> Stored data:
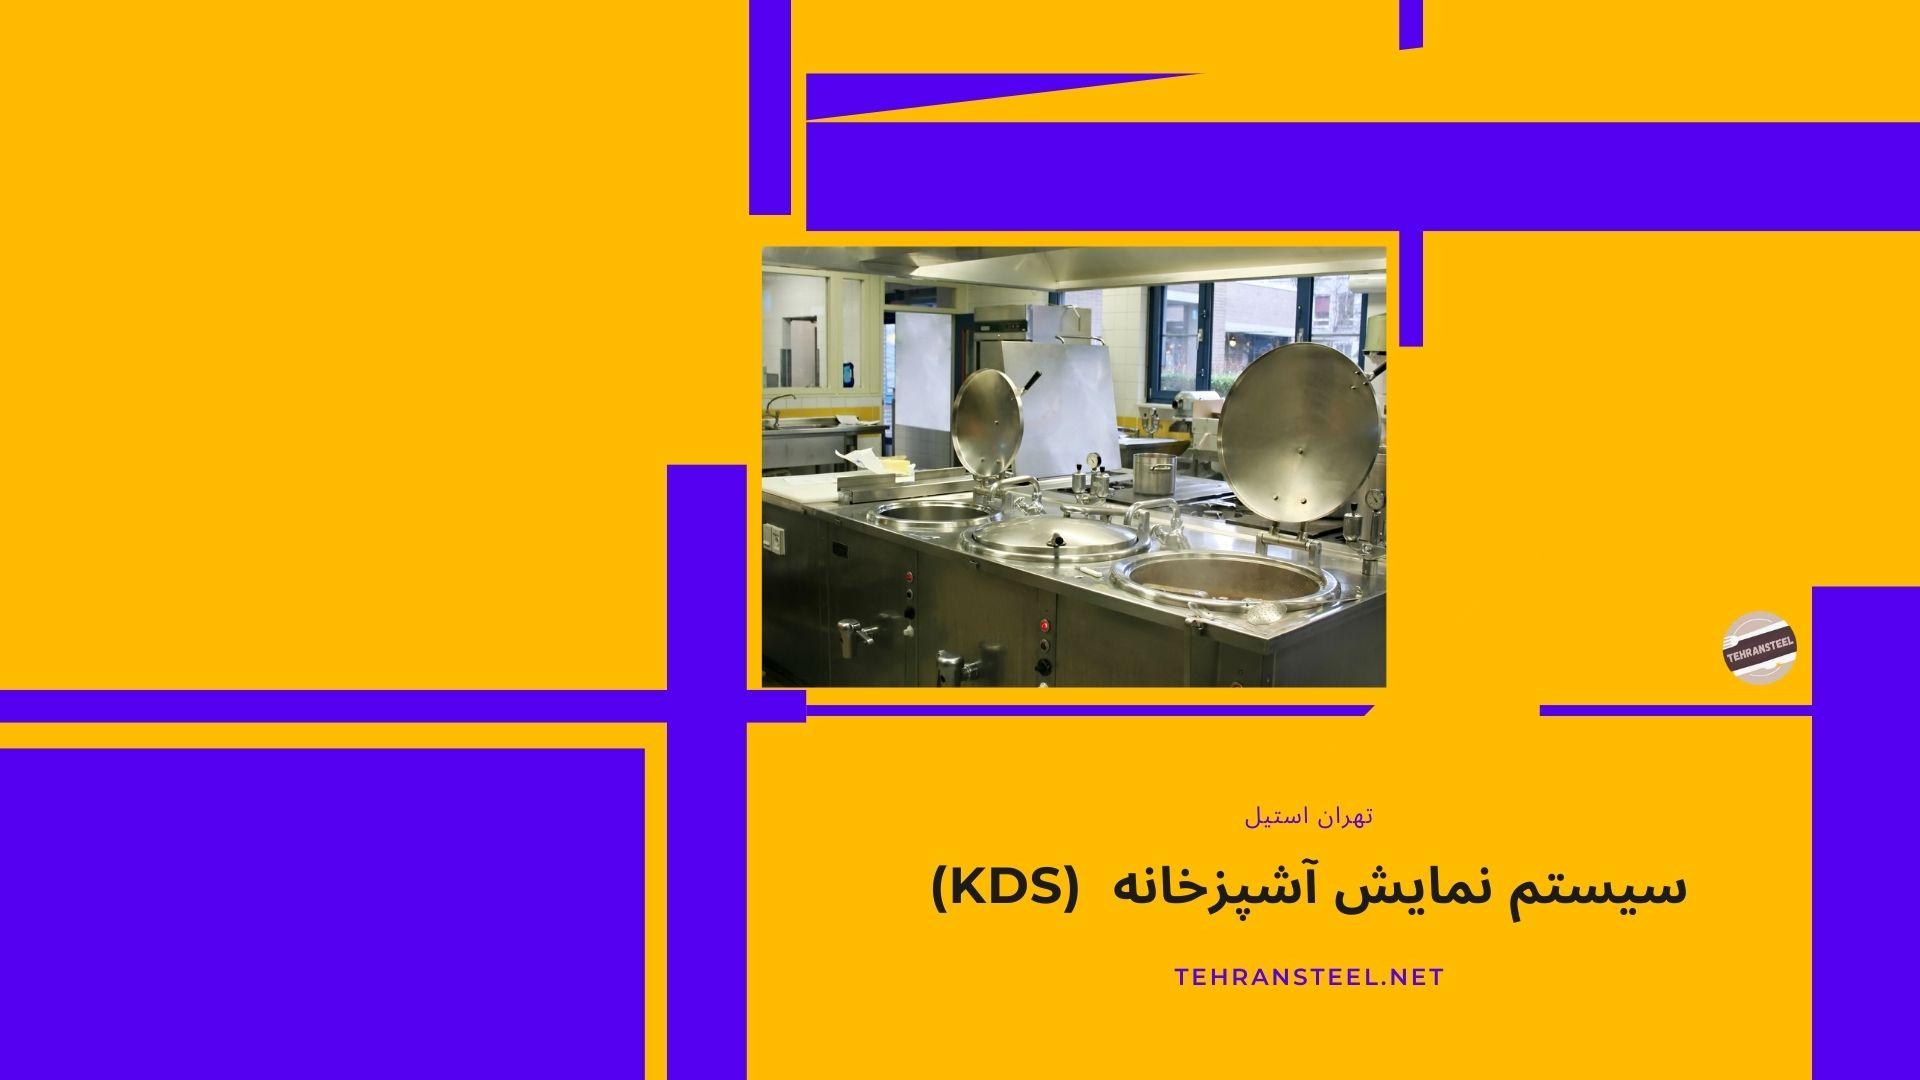 سیستم نمایش آشپزخانه (KDS)
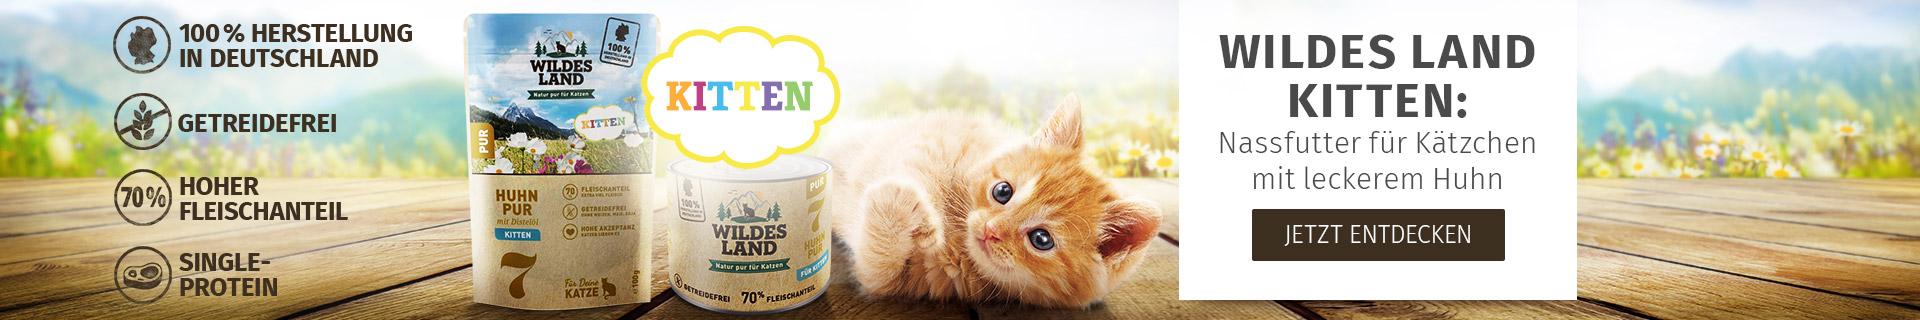 Wildes Land Katze - Nassfutter für Kitten
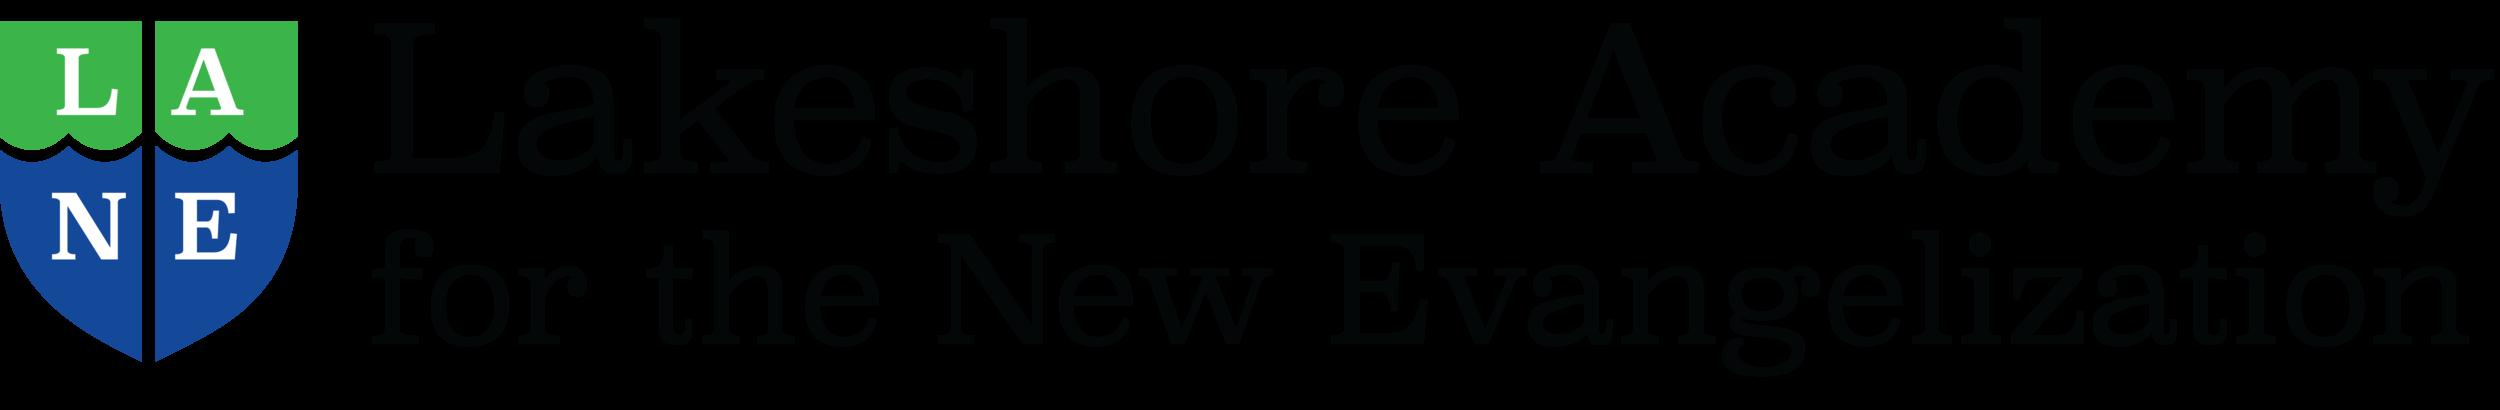 LANE Logo 5.10.18 - Full Minus Details.png

> Task description: Everything in the data except the pictures must be retyped exactly.

> Result of the task:
 سیستم نمایش آشپزخانه (KDS)
 Wildes Land Katze - Nassfutter für Kitten
 LANE Logo 5.10.18 - Full Minus Details.png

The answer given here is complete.